SUPPLIED INFORMATION:
○ ○ ○ ○ ○ ○ ○
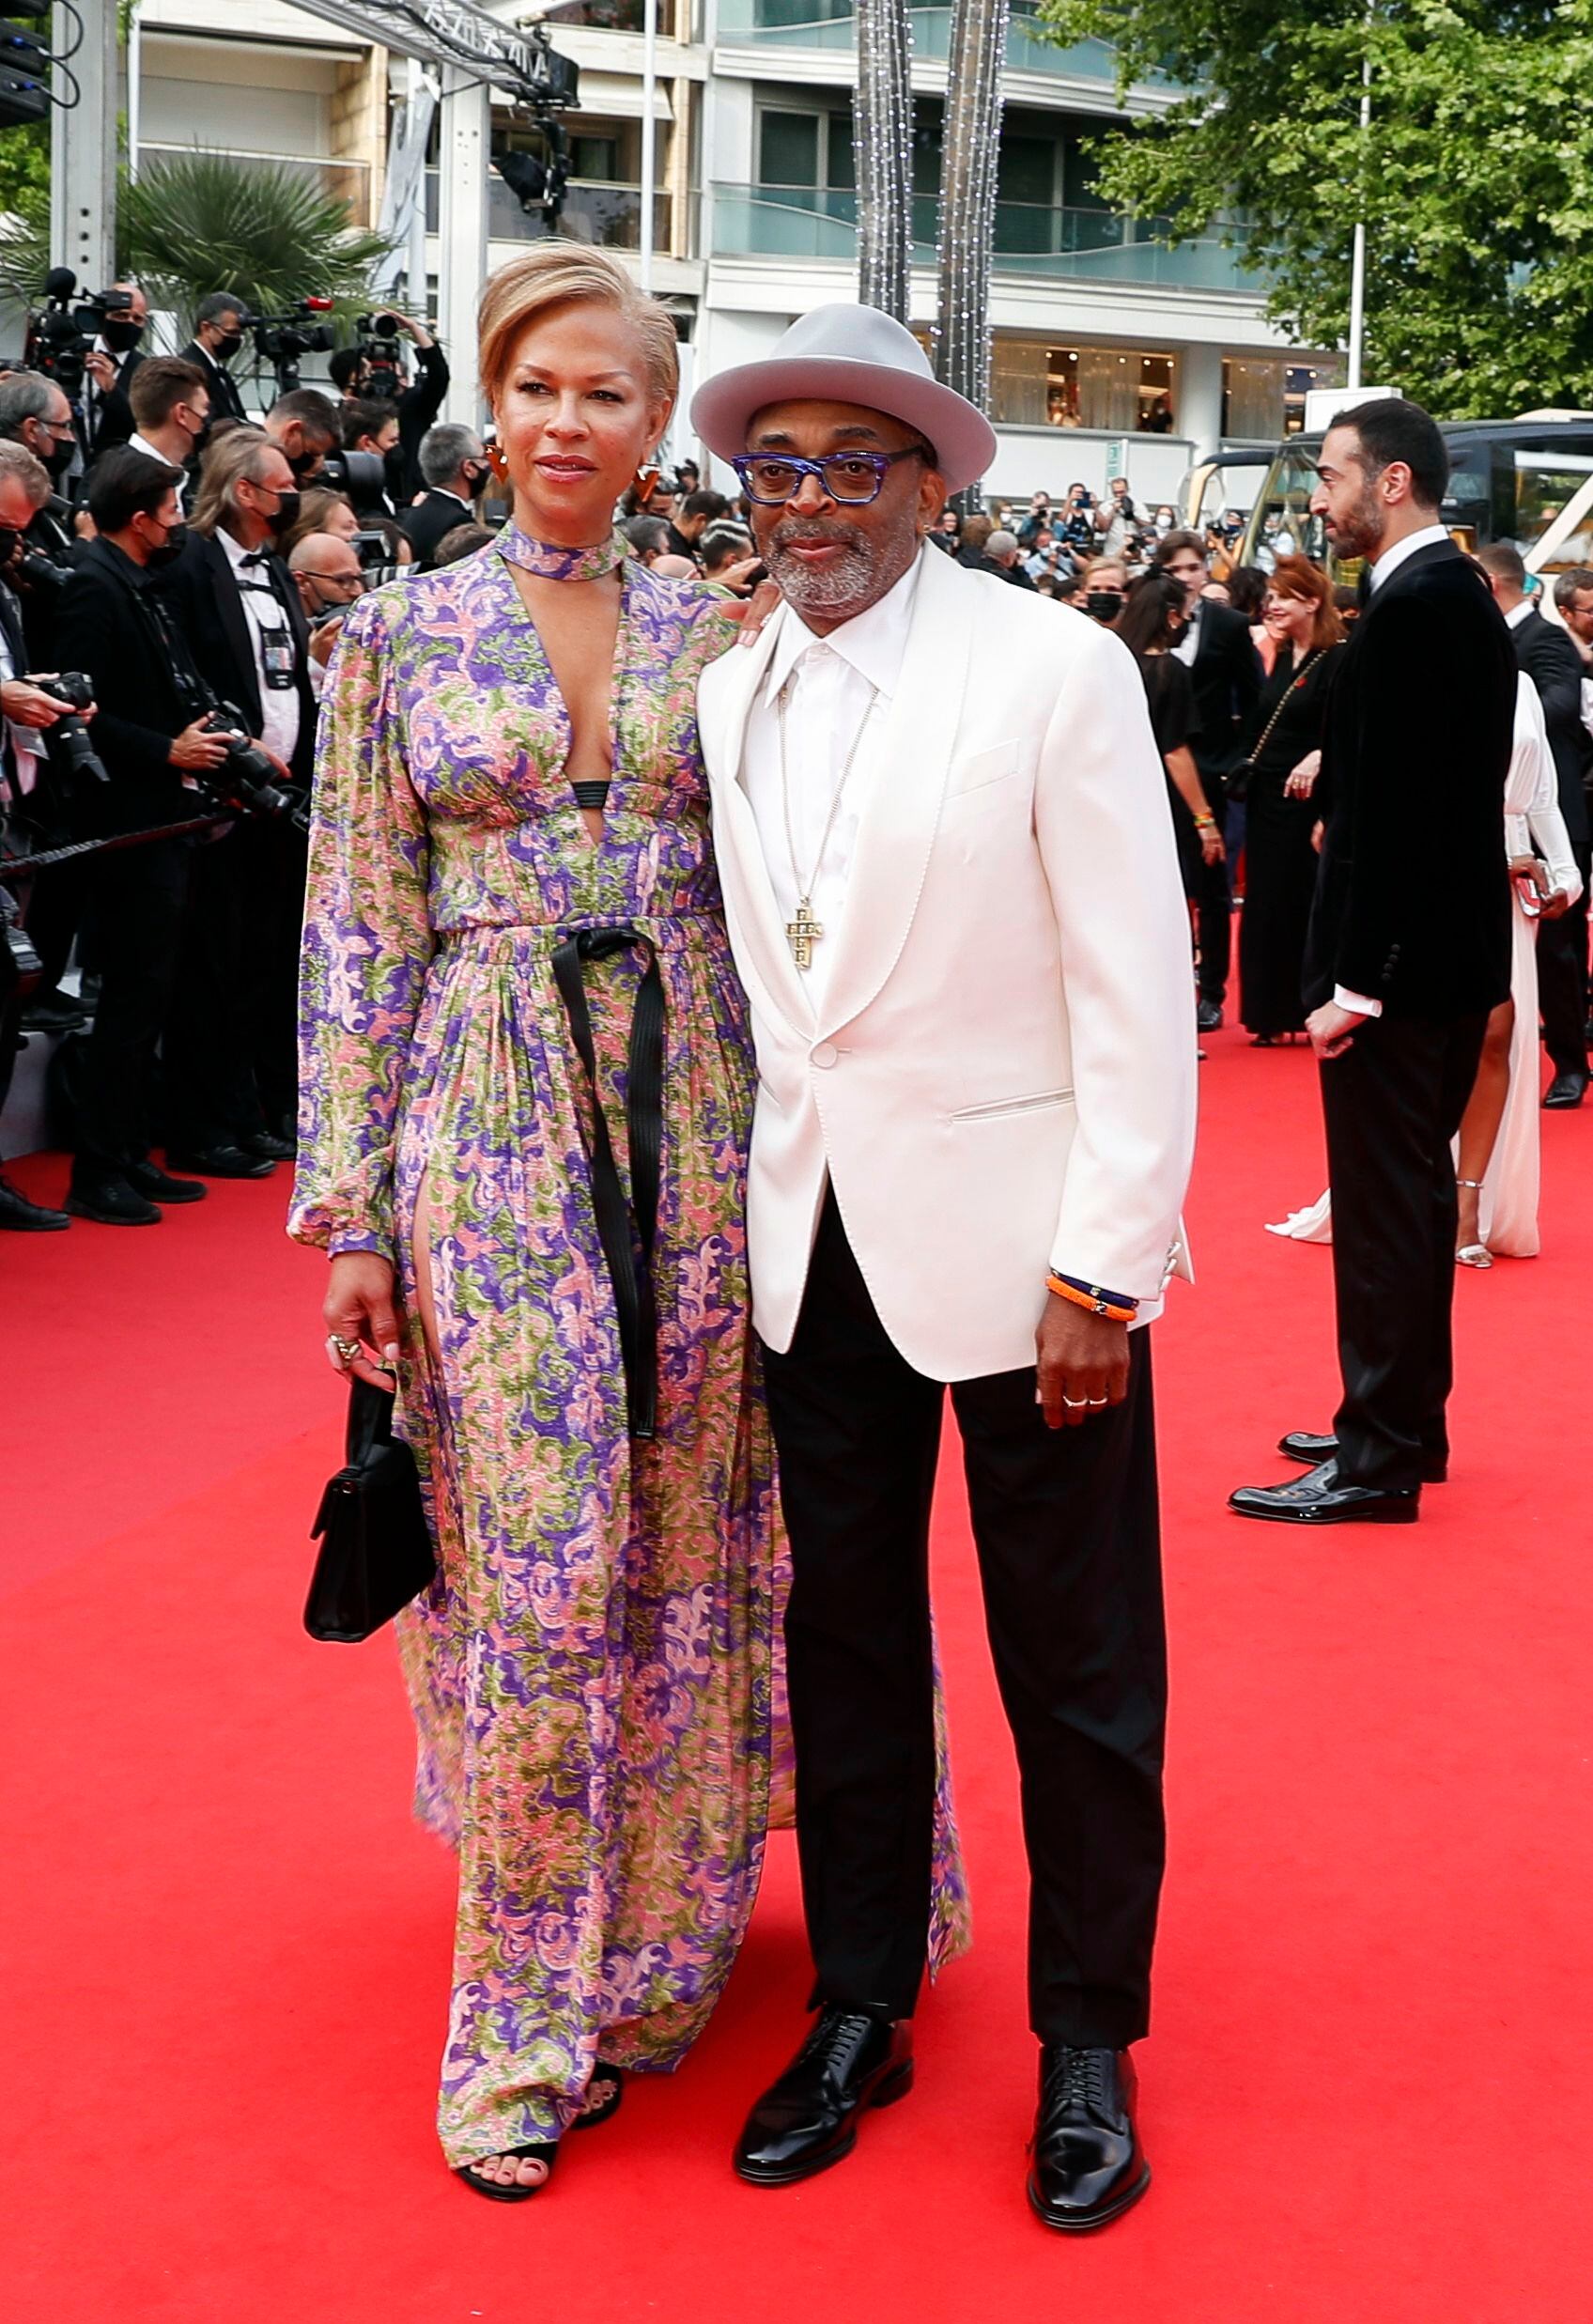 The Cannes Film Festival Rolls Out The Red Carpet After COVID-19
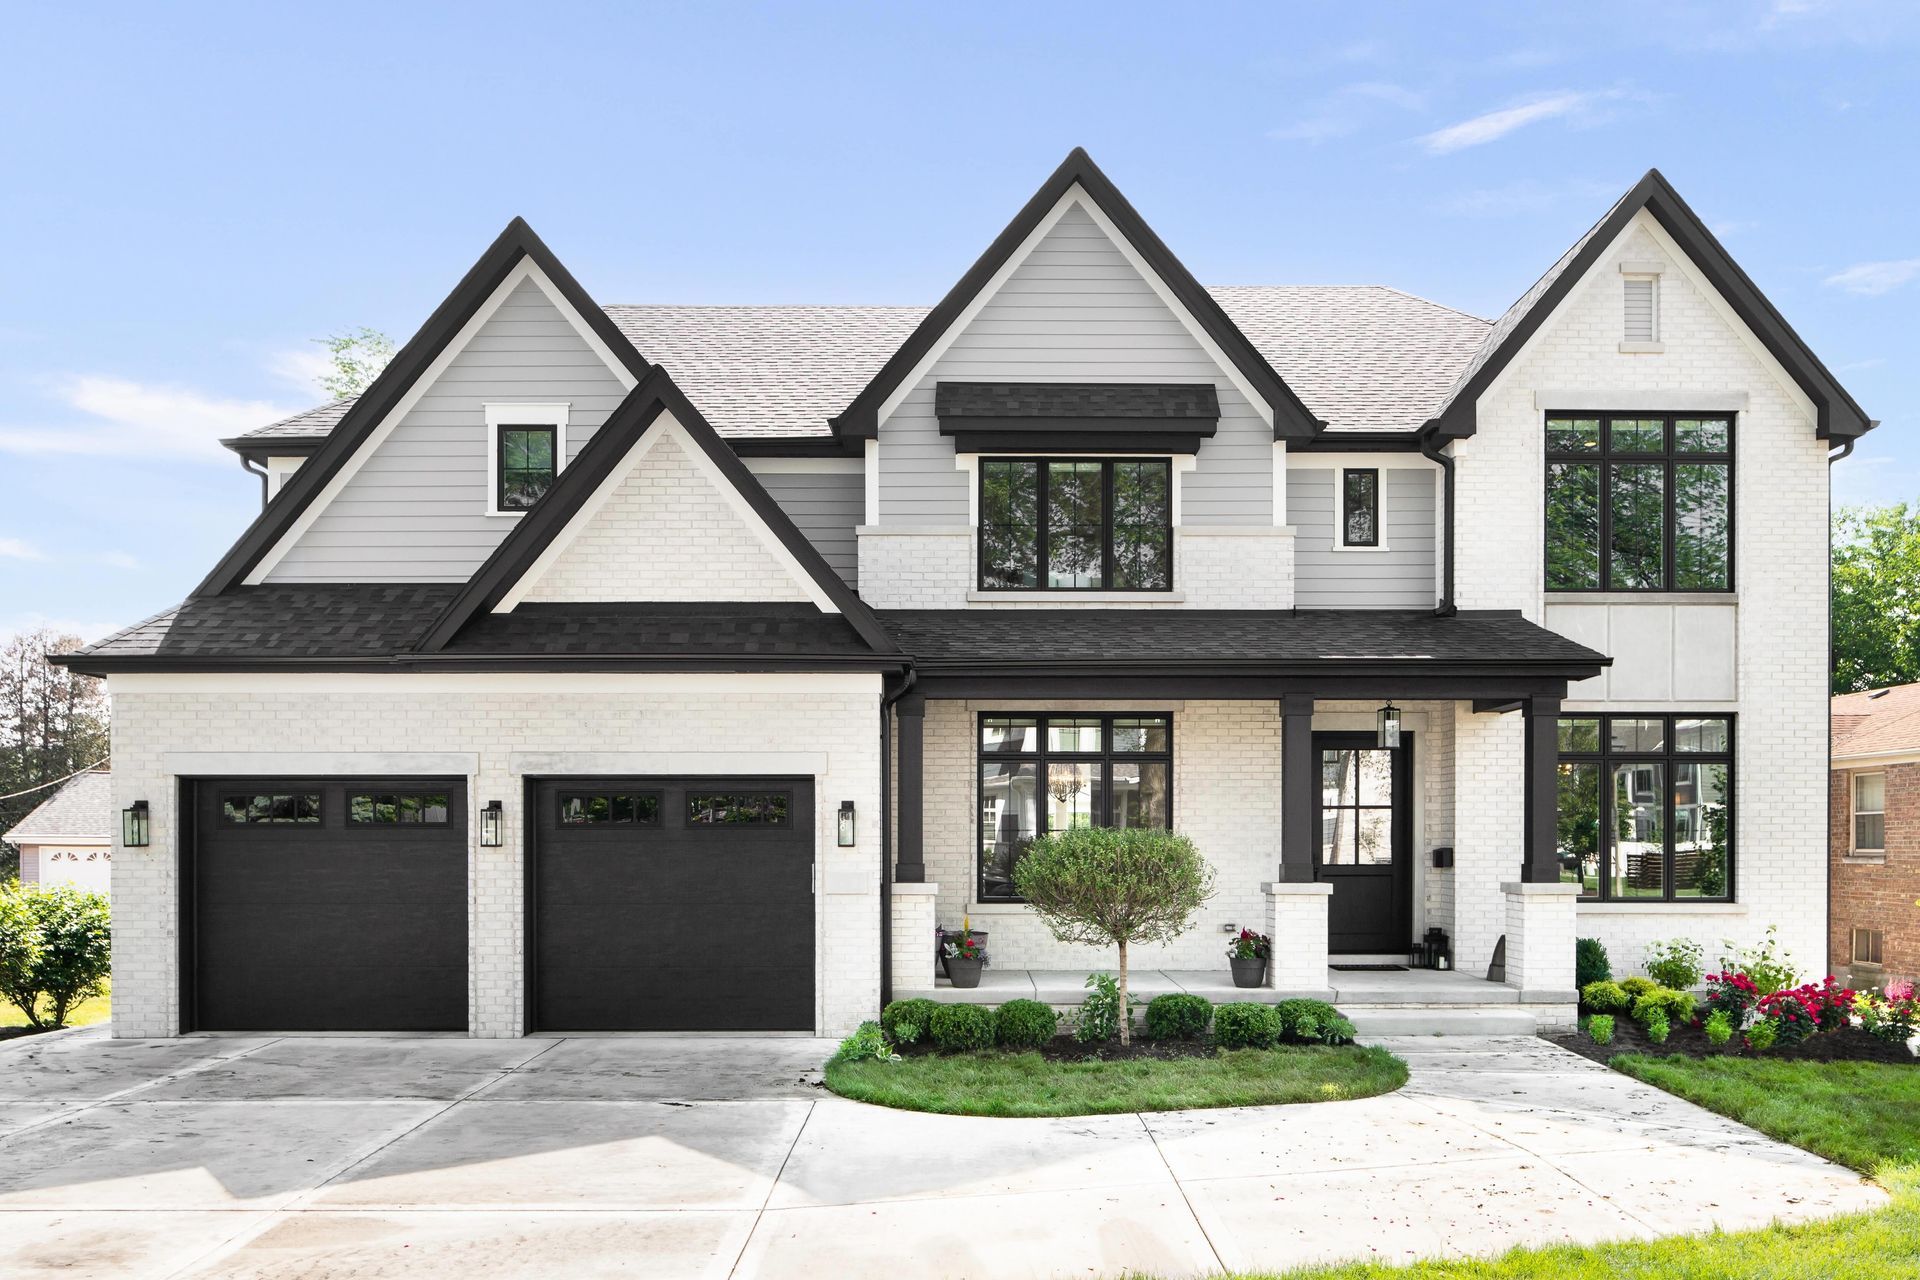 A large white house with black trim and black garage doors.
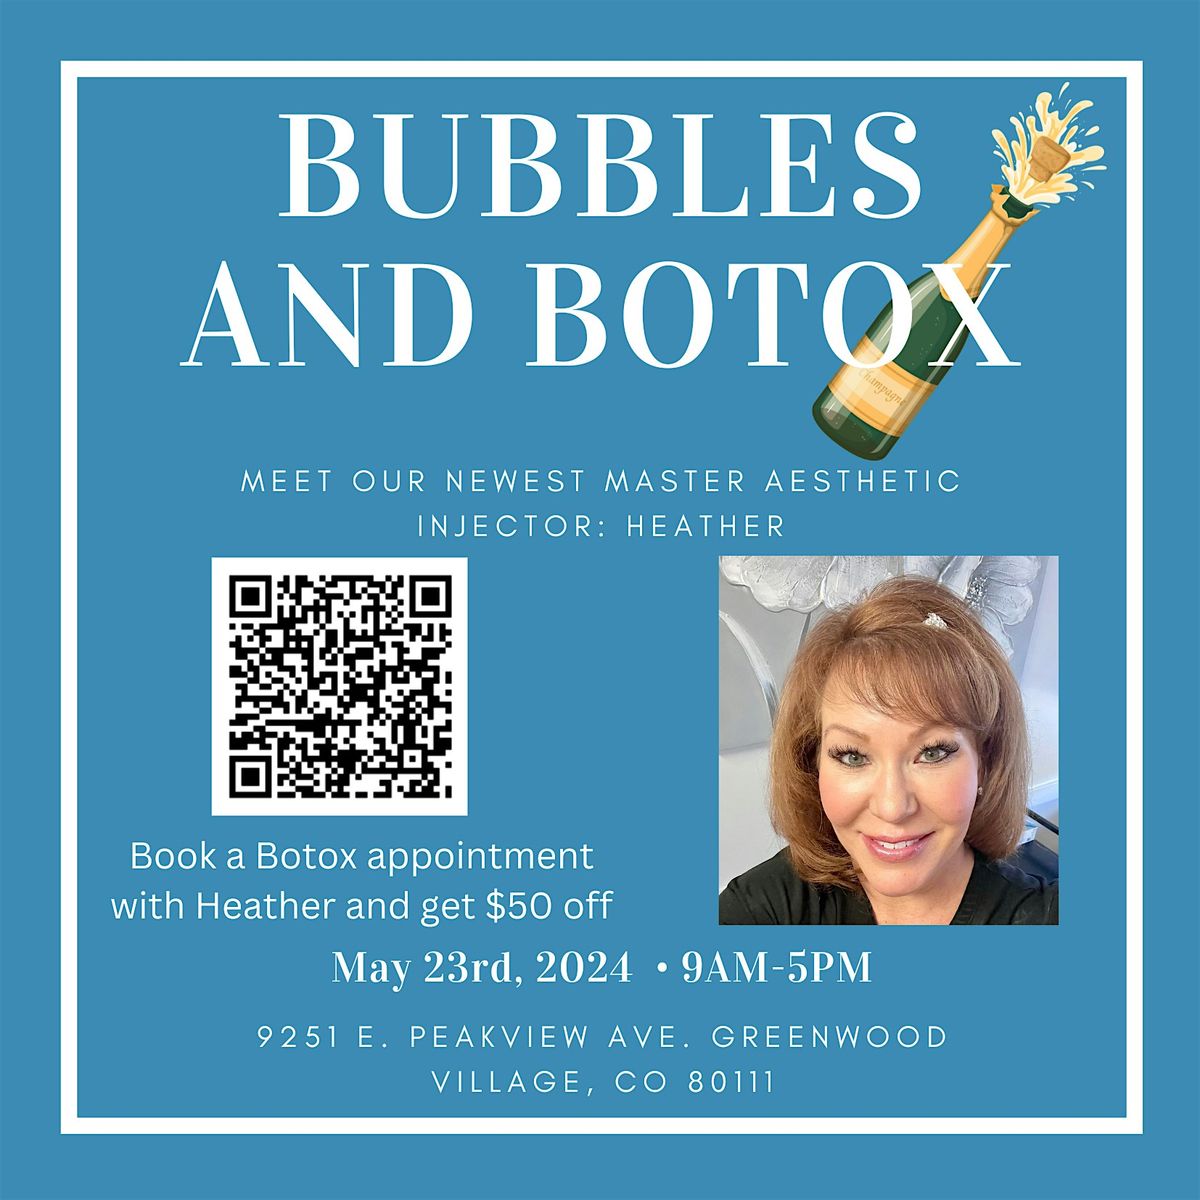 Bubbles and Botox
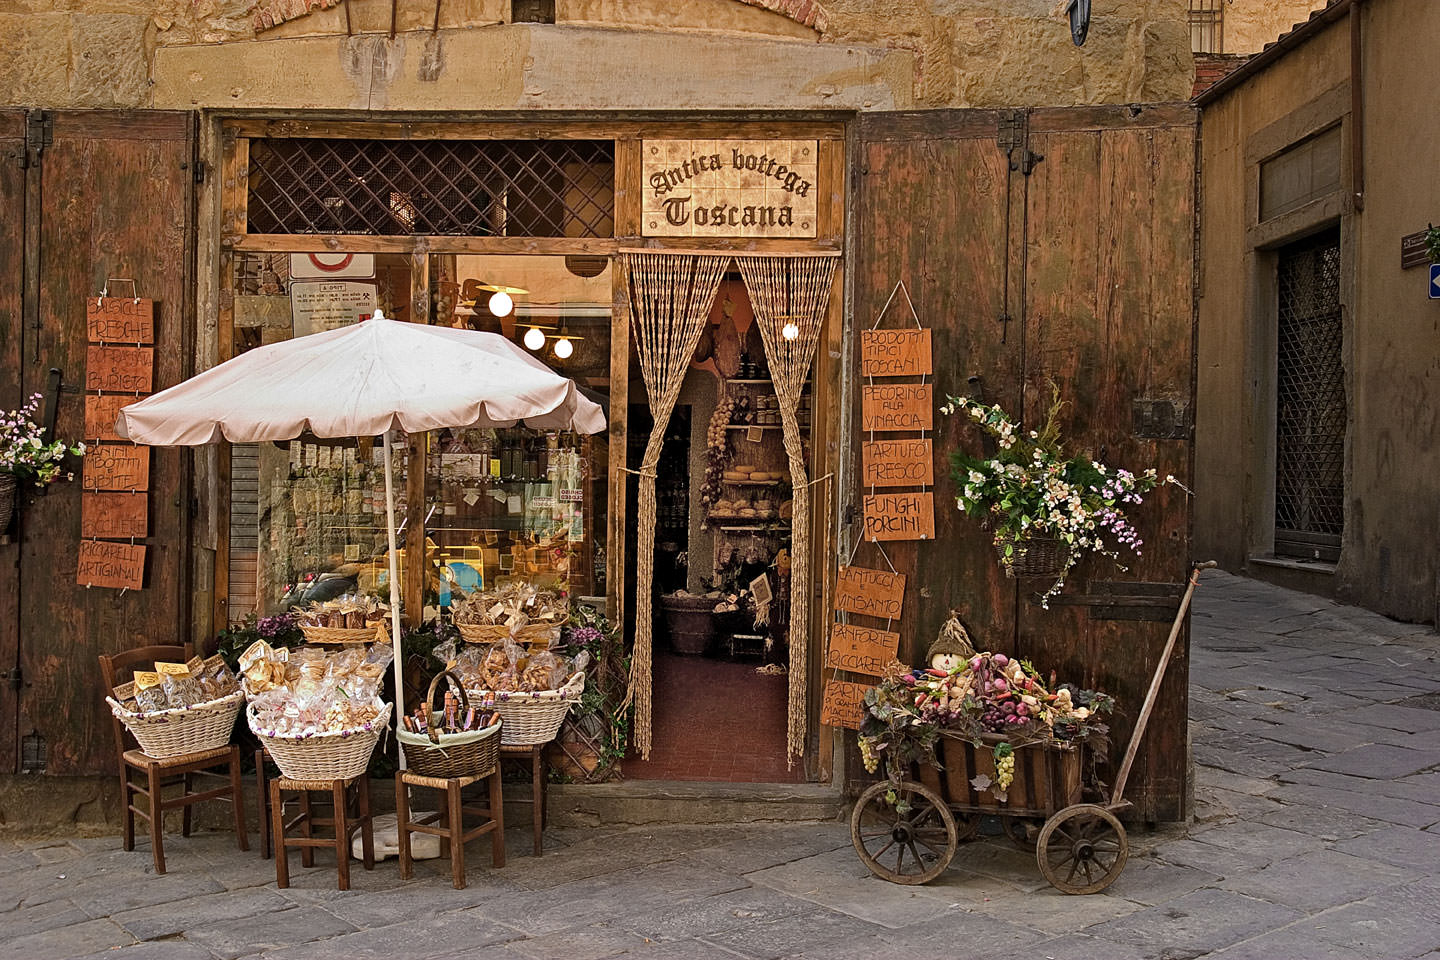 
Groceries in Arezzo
○ ○ ○ ○ ○ ○ ○
TASK PROMPT:
The entire listing is to be printed exactly, with each picture omitted.

SOLUTION TO THE PROBLEM:
 The Cannes Film Festival Rolls Out The Red Carpet After COVID-19
 A large white house with black trim and black garage doors.
 Bubbles and Botox
Groceries in Arezzo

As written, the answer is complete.